In a crowded room she wouldn’t have known his voice, but she knew how he’d feel and her palms grew hot and her knees weakened as her thoughts broke free of the restraints she’d imposed, liberating memories so vivid that for a moment she couldn’t breathe.
He smiled.
Not the smile of a friend, but the smile of a conqueror contemplating the imminent surrender of a captive. ‘Eat at my table, Fia.’
His casual use of her name suggested a familiarity that didn’t exist and it unbalanced her, as he’d no doubt intended. He was a man who always had to be in control. He’d been in control on that night and there had been something terrifying about the force of passion he’d unleashed.
She’d taken him because she’d been in desperate need of human comfort.
He’d taken her because he could.
‘This is my table we’re talking about,’ she said in a clear voice, ‘and you’re not invited.’ She had to get rid of him. The longer he stayed, the bigger the risk to her. ‘You have your own restaurant next door. If you’re hungry then I’m sure they’d accommodate you, although I admit that neither the food nor the view is as good as mine so I can understand why you find both lacking.’
There was a stillness about him that made her uneasy. A watchfulness that she didn’t trust.
‘I need to speak to your grandfather. Tell me where he is.’

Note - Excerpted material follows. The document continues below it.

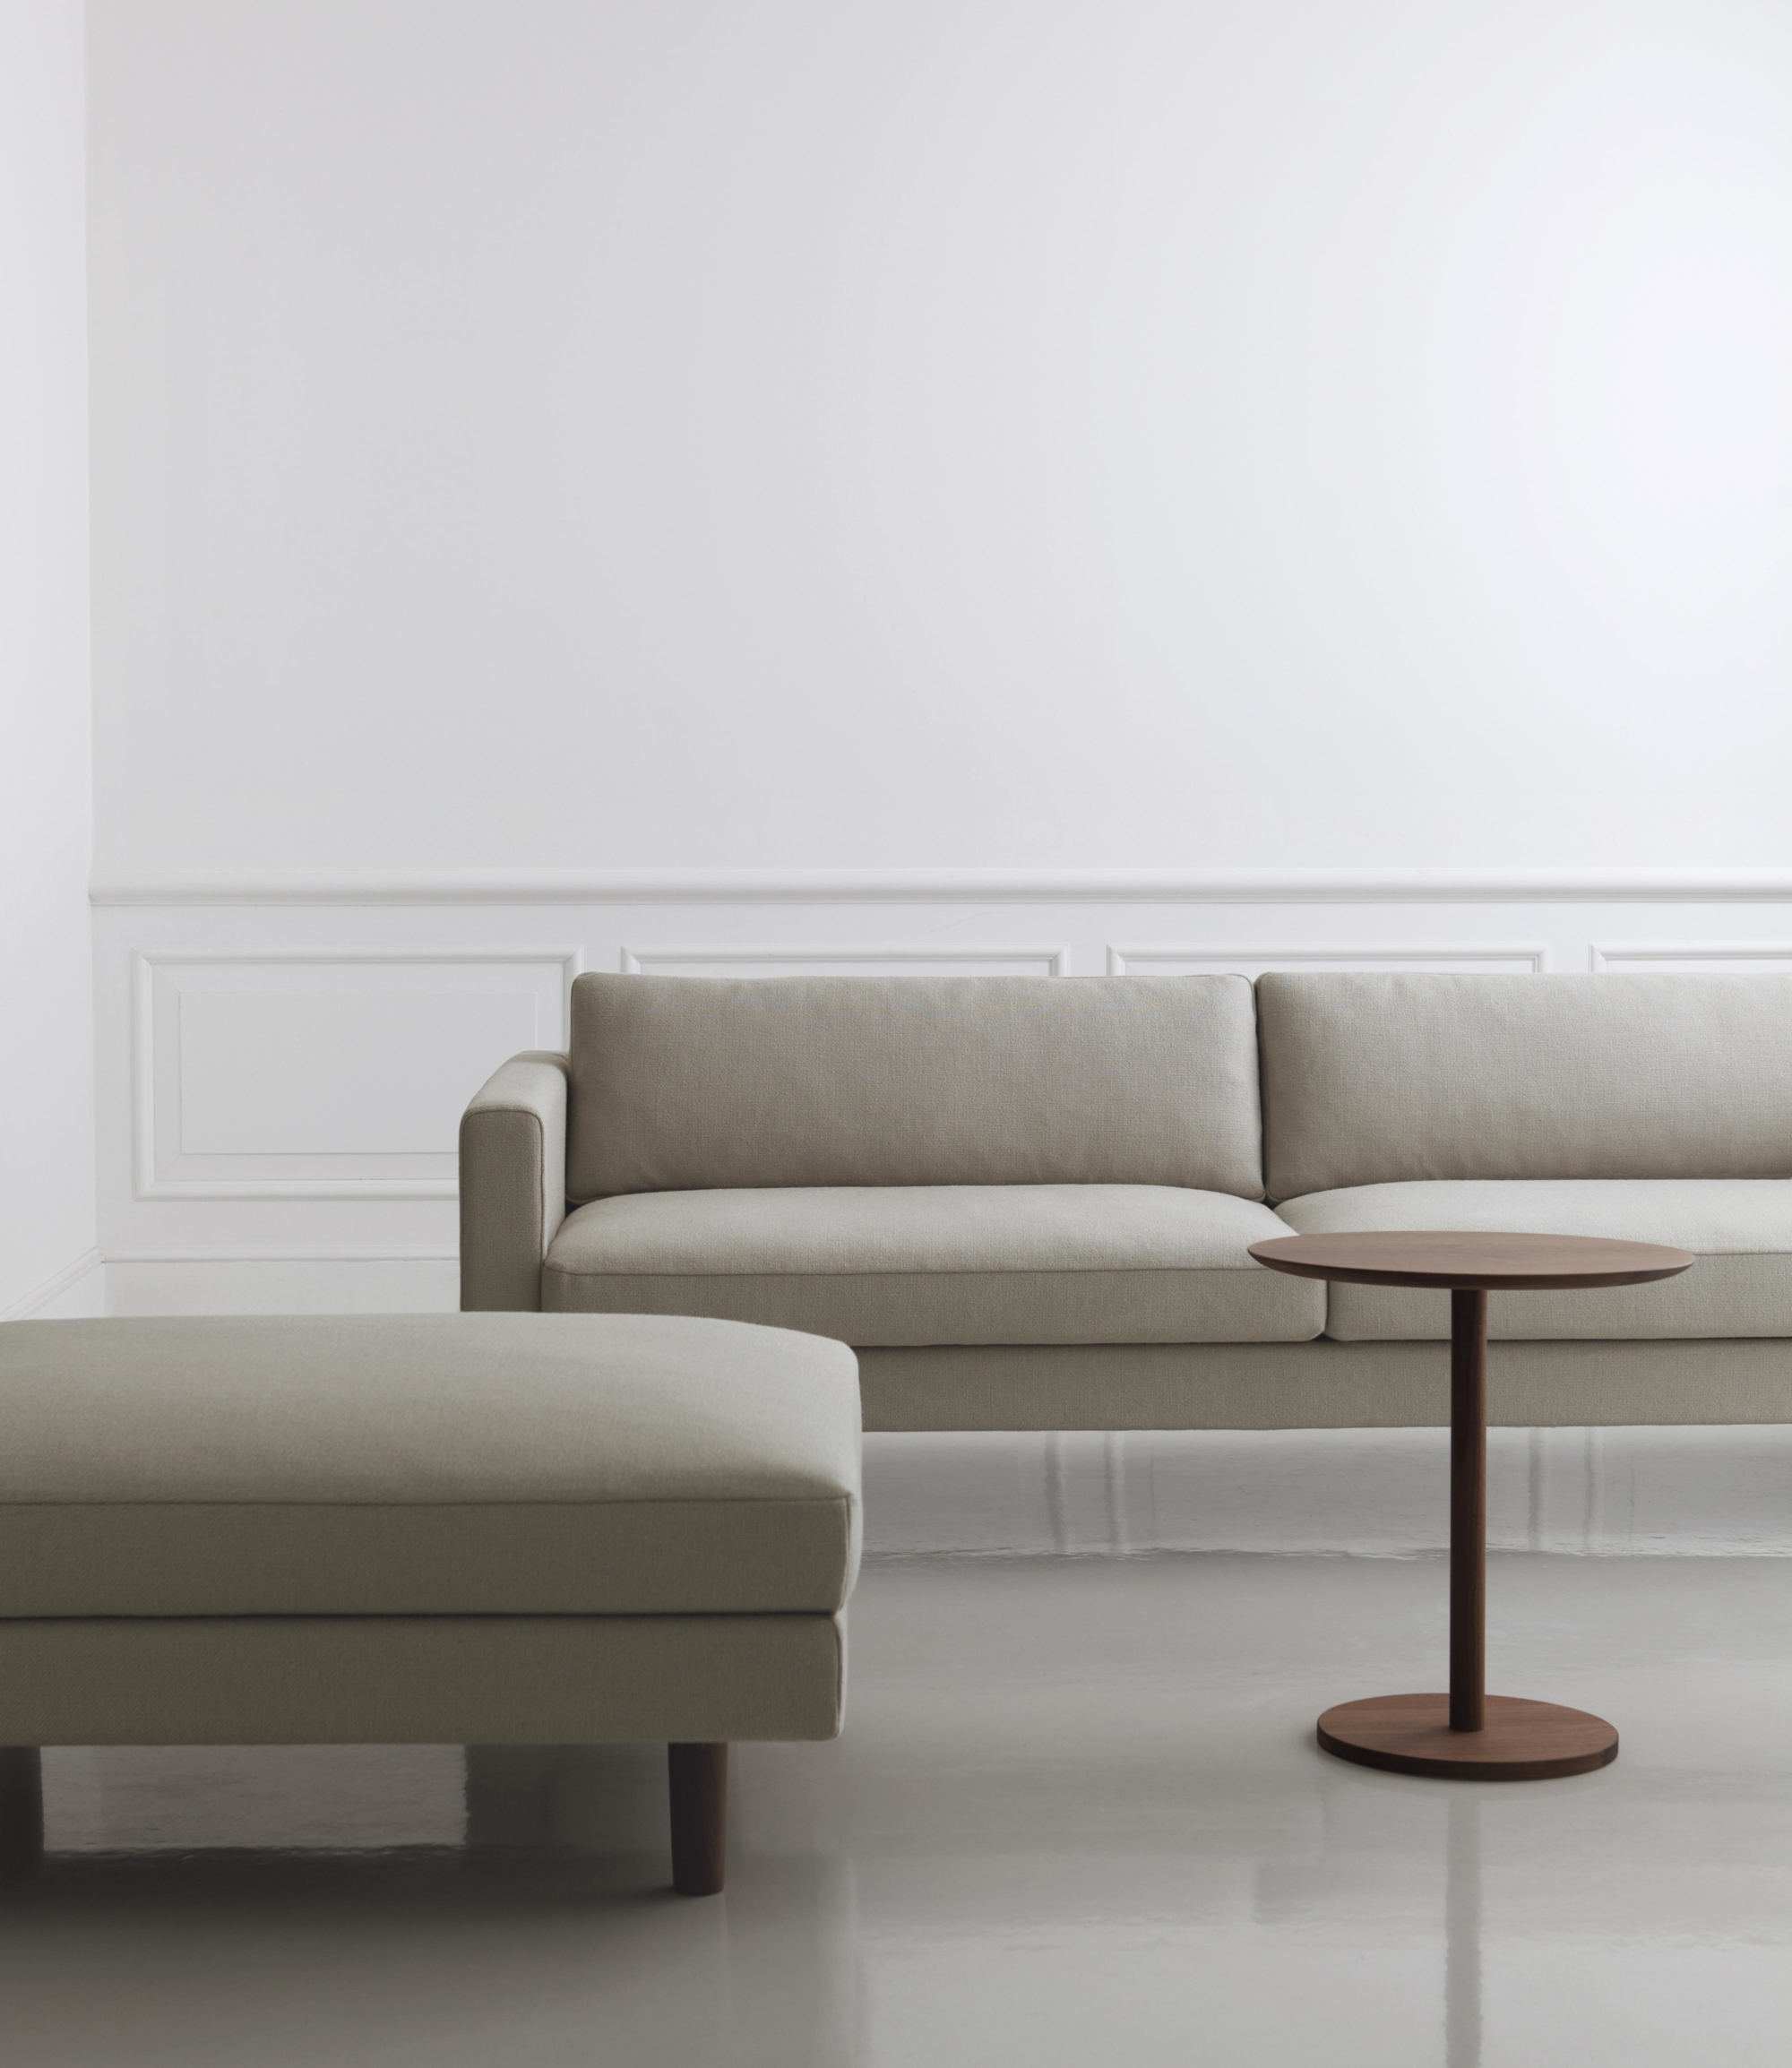 Hiroshima Sofa and Side Table - Naoto Fukasawa Design

So that was why he was here. Another round of fruitless negotiations that would lead the same way as the others. Thanks goodness he’d made this visit at night, she thought numbly. No matter what happened, she had to ensure he didn’t return during the day. ‘You must have a death wish. You know how he feels about you.’

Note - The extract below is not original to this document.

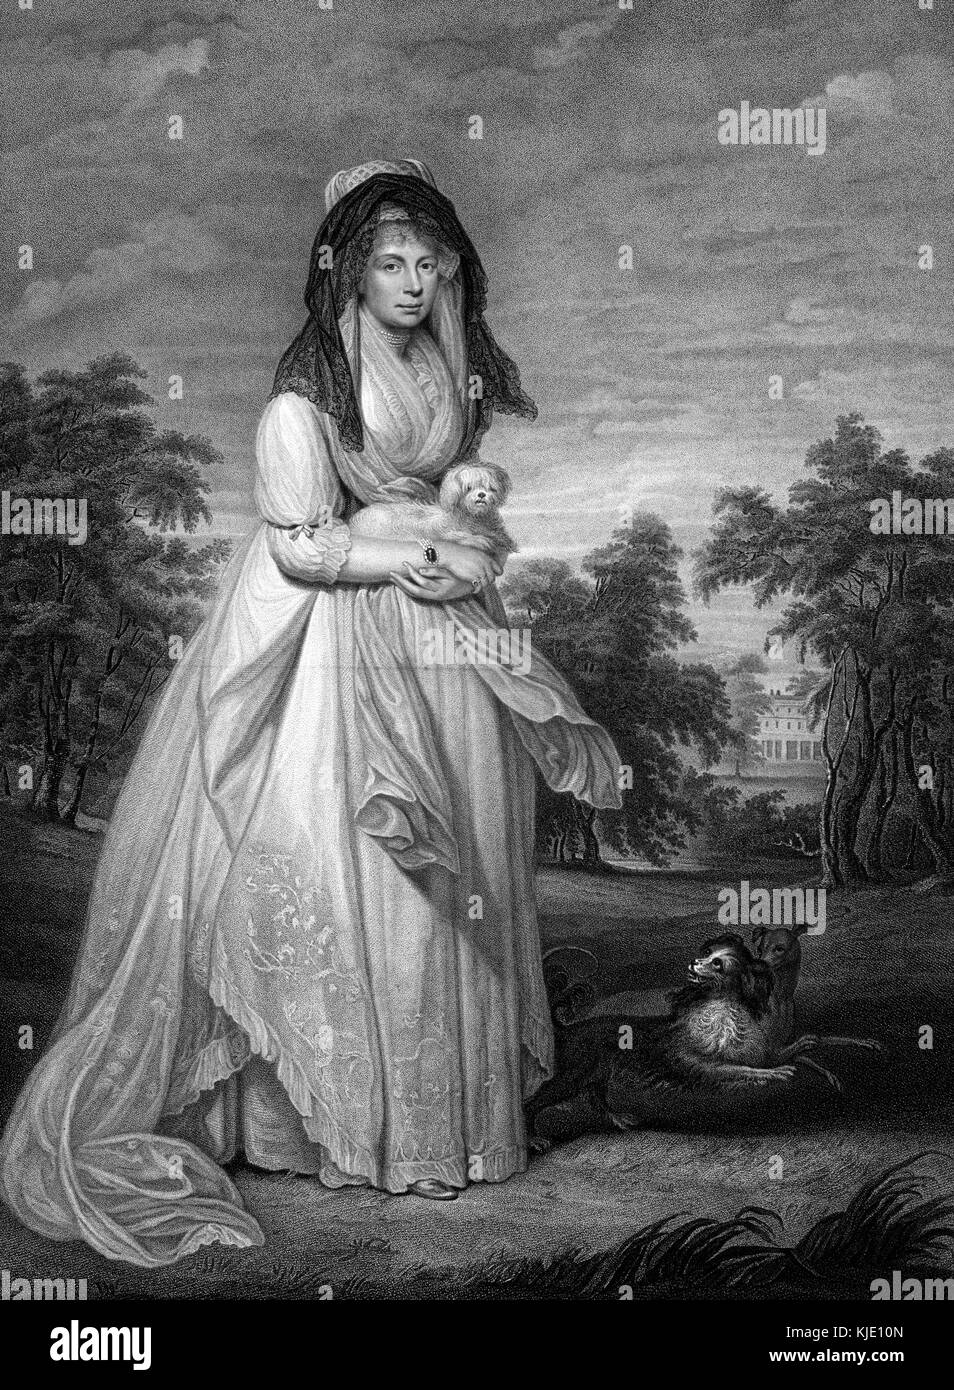 Gravure de crépi sur toute la longueur la reine Charlotte, épouse du roi George III, la reine de Grande-Bretagne et d'Irlande de son mariage en 1761 jusqu'à l'union des deux royaumes en 1801, après quoi elle a été reine du Royaume-Uni de Grande-Bretagne et d'Irlande jusqu'à sa mort en 1818, portant une longue robe noire, avec un voile noir, tenant un petit chien, de l'art par sir William Beechey, gravé par Thomas Ryder, 1809. à partir de la bibliothèque publique de new york. Banque D'Images

Those eyes were hooded as he watched her. ‘And does he know how you feel about me?’
His oblique reference to that night shocked her because it was something that had never been mentioned before.
Was he threatening her? Was he about to expose her?
Relief had been replaced by sick panic as various avenues of horror opened up before her. Was that why he’d done it? To have a hold over her in the future? ‘My grandfather is old and unwell. If you have something to say you can say it to me. If you want to talk business, then you’ll talk to me. I run the restaurant.’